On the other hand, I believe sin nature is real. From the beginning – from the Garden of Eden, if you will – man’s genetic code and DNA has been gradually devolving, as disruptions and imperfect genes are introduced, mixed, broken down, etc., like royal families who constantly inbred.

But my predisposition to sin, particularly my predisposition to a particular sin, is not an excuse to continue in that sin. If anything, it’s just that much of a greater challenge to me to be aware of that predisposition, stay on guard, and avoid the temptation.

Is it fair? By that I mean, how can it be fair that my wife, for example, seems to be incapable of telling a lie – in fact, would never think of telling a lie even when perhaps a “little white lie” might seem preferable – while it seems my first reaction to any uncomfortable situation seems to be figuring out a way to say something to avoid the unpleasantness (in other words, lying)? She doesn’t understand my struggle, and in fact may look down on those of us who struggle with the truth because to her it doesn’t make any sense not to tell the truth, knowing life is much simpler and less complicated if we just tell the truth and address uncomfortable situations head-on. But if I’m predisposed to avoiding the truth, then what right does she have to be judgmental since she can’t possibly understand the internal struggle that may be part of my genetic and biological make-up?

No, it’s not fair. But as Scar, the brother who wanted to be king in the movie “The Lion King,’’ so eloquently said, “Life’s not fair. If it were, I would be king!”

If you believe in biology and genetics, then perhaps we shouldn’t judge Scar too harshly for arranging the death of his brother and the exile of his nephew in order for Scar to becoming king.

I’m serious, sort of.

I still believe in free will. I still believe that we have the ability, despite our genetic or biological or scientific predispositions, to just say “no.” It’s tougher for some of us in certain situations, and we need to understand that and be sympathetic about that. I honestly don’t know what you struggle with, any more than you understand my struggles. But I do know we both have struggles. We are, after all, human. And when sin entered the world, so did our struggle to do the “right” thing.

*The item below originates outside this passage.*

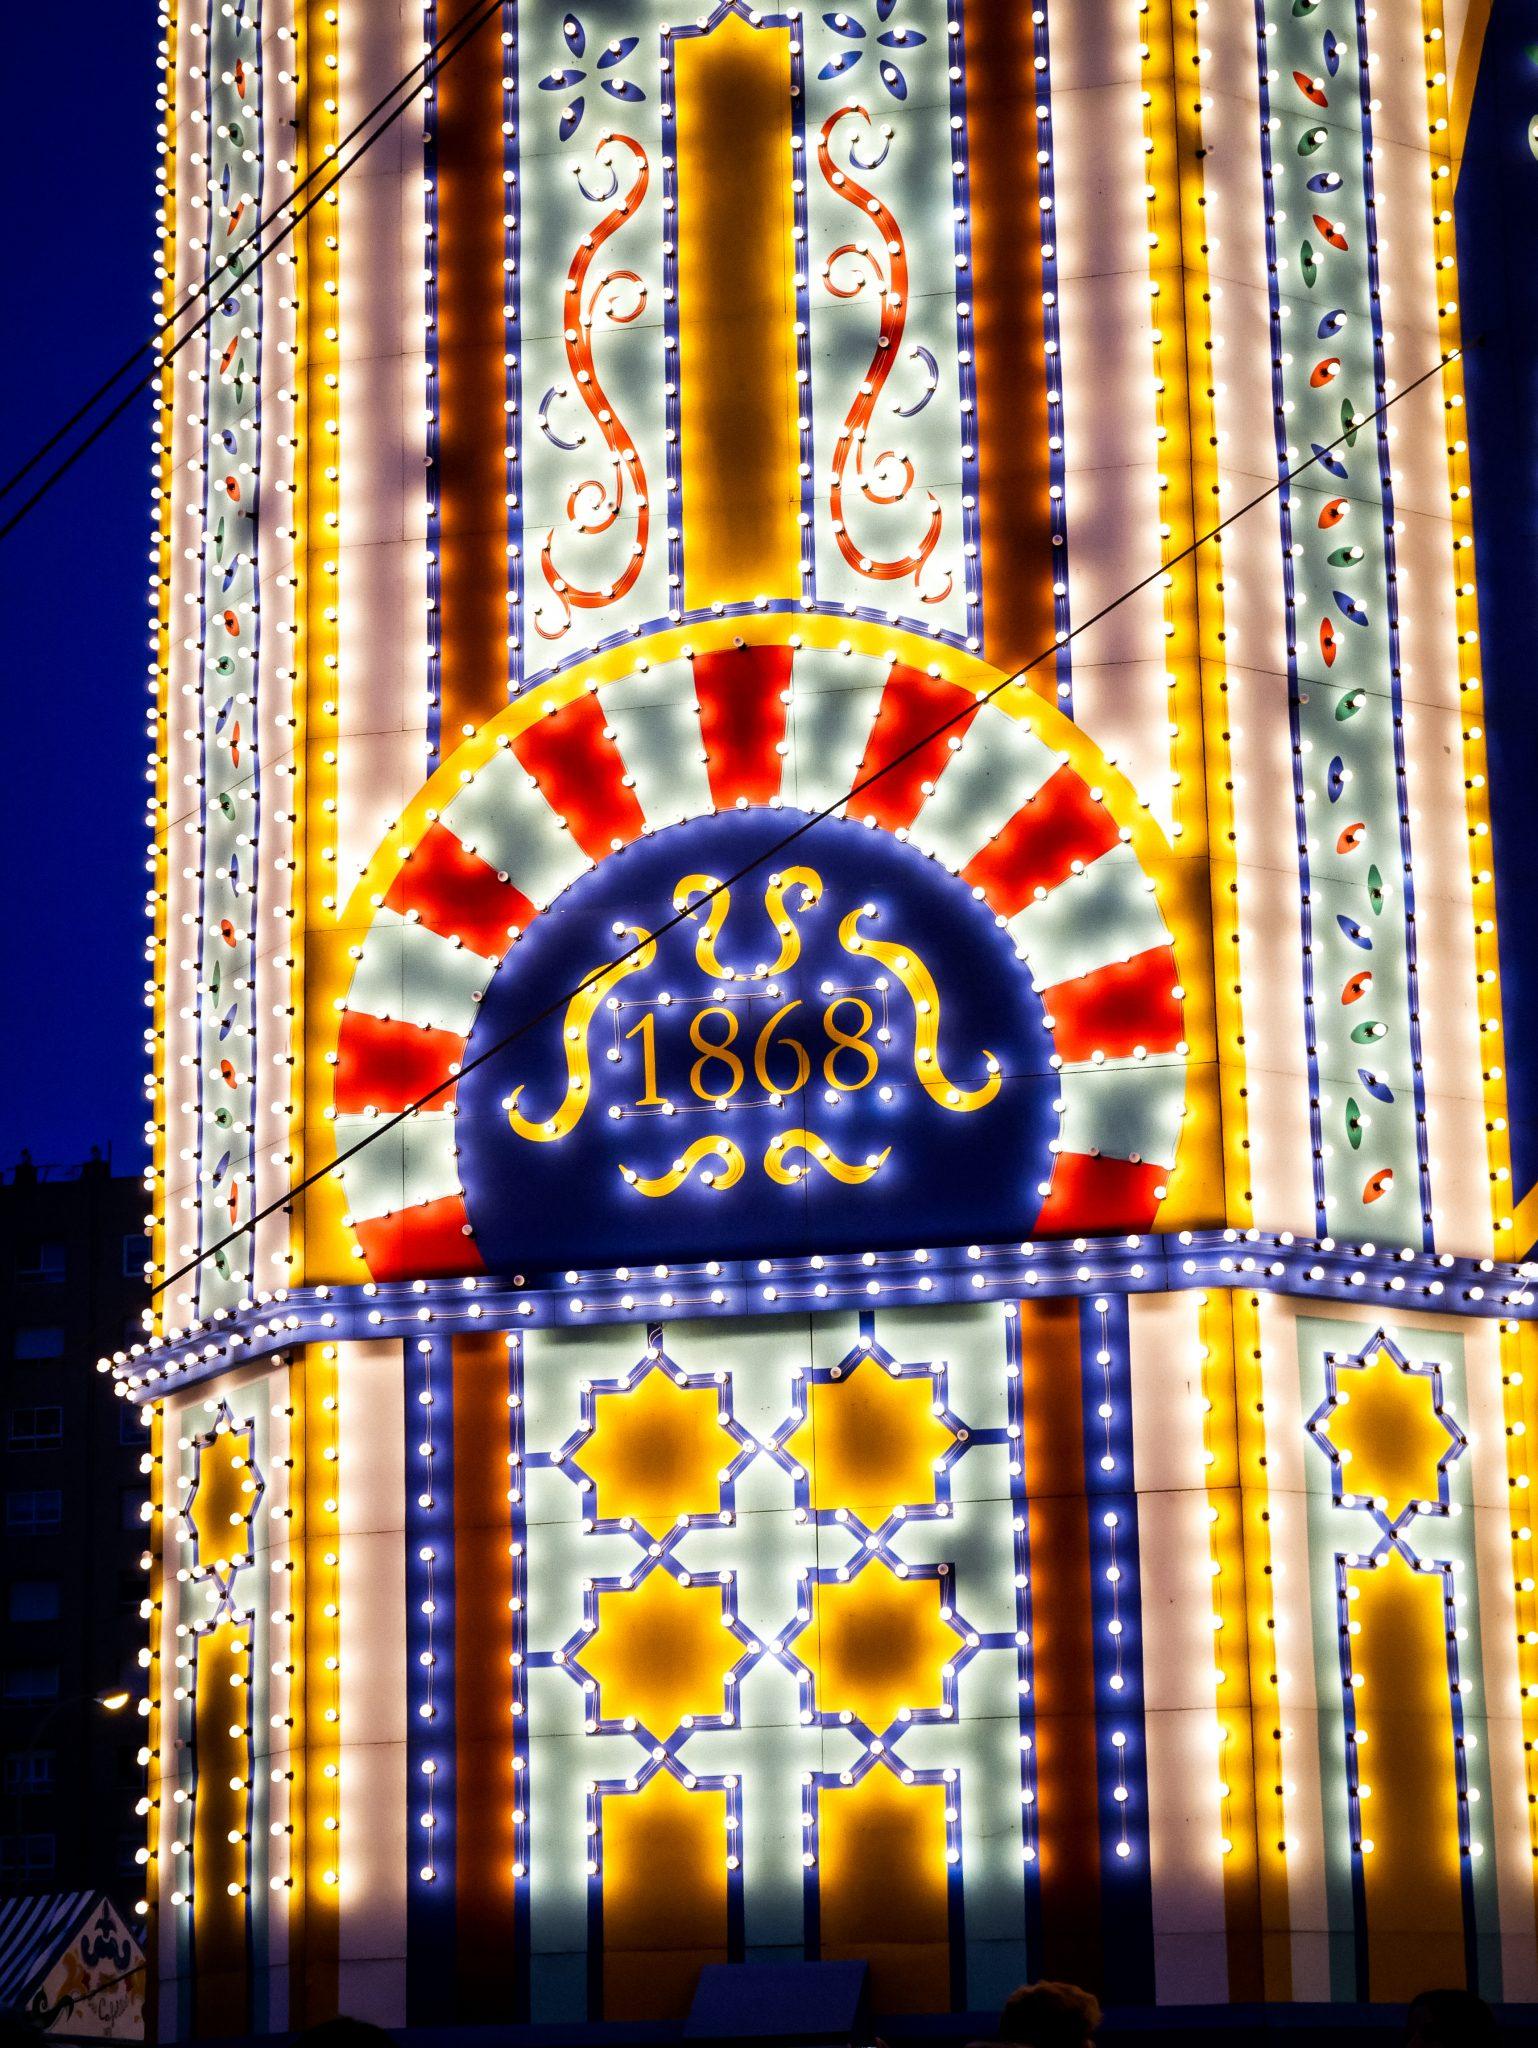 Seit dem Jahre 1868 existiert die Feria de abril in Sevilla, damals um die Wirtschaft der Stadt wieder zu beleben.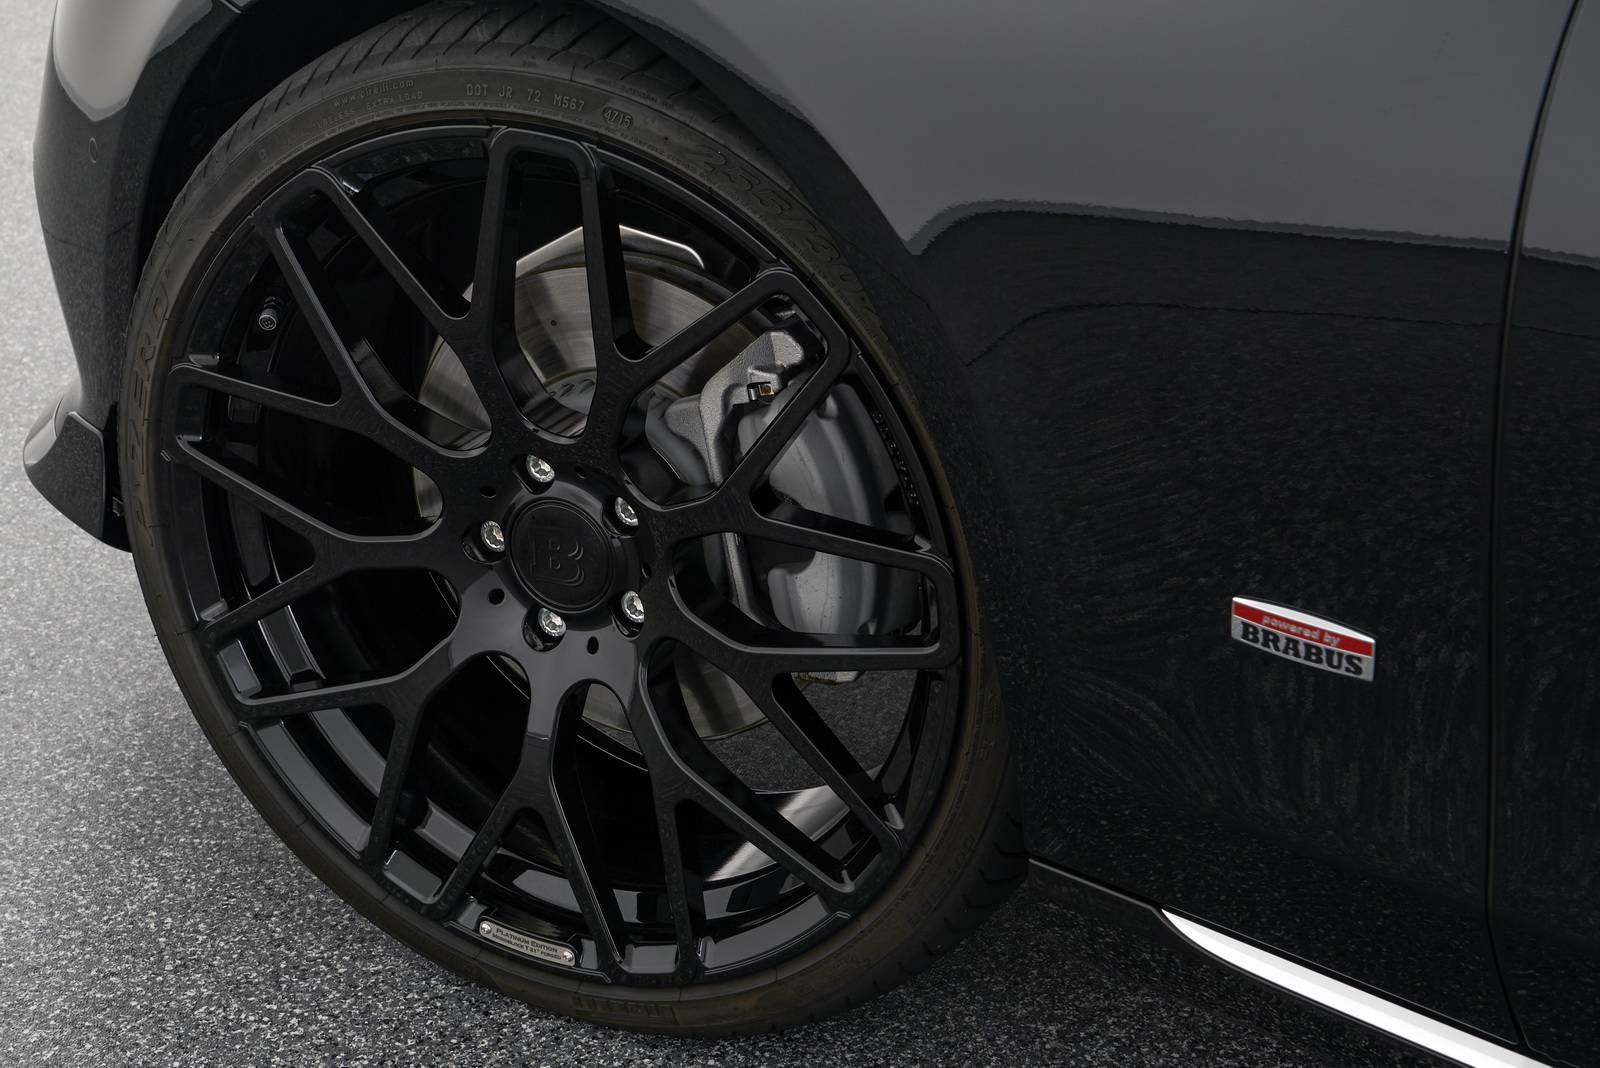 Brabus предлагает своим клиентам широкий ассортимент продукции для персонализации универсала E-Class.

If anything, perhaps this science of predisposition simply reinforces our basic Christian tenant of looking at the log in our own eye before we start on the speck in the eye of our brother (Matthew 7:3-5). That doesn’t mean we ignore the speck in our brothers’ eye – that verse does end with the instructions to “First get rid of the log in your own eye; then you will see well enough to deal with the speck in your friend’s eye.” (Emphasis added).

We still have to deal with each other’s problems. But first, let’s be honest about our own and seek whatever help we need to deal with those as well.

There is a difference between ignoring something and compassion. It’s not compassion to ignore behavior in someone else that may lead to their injury or destruction.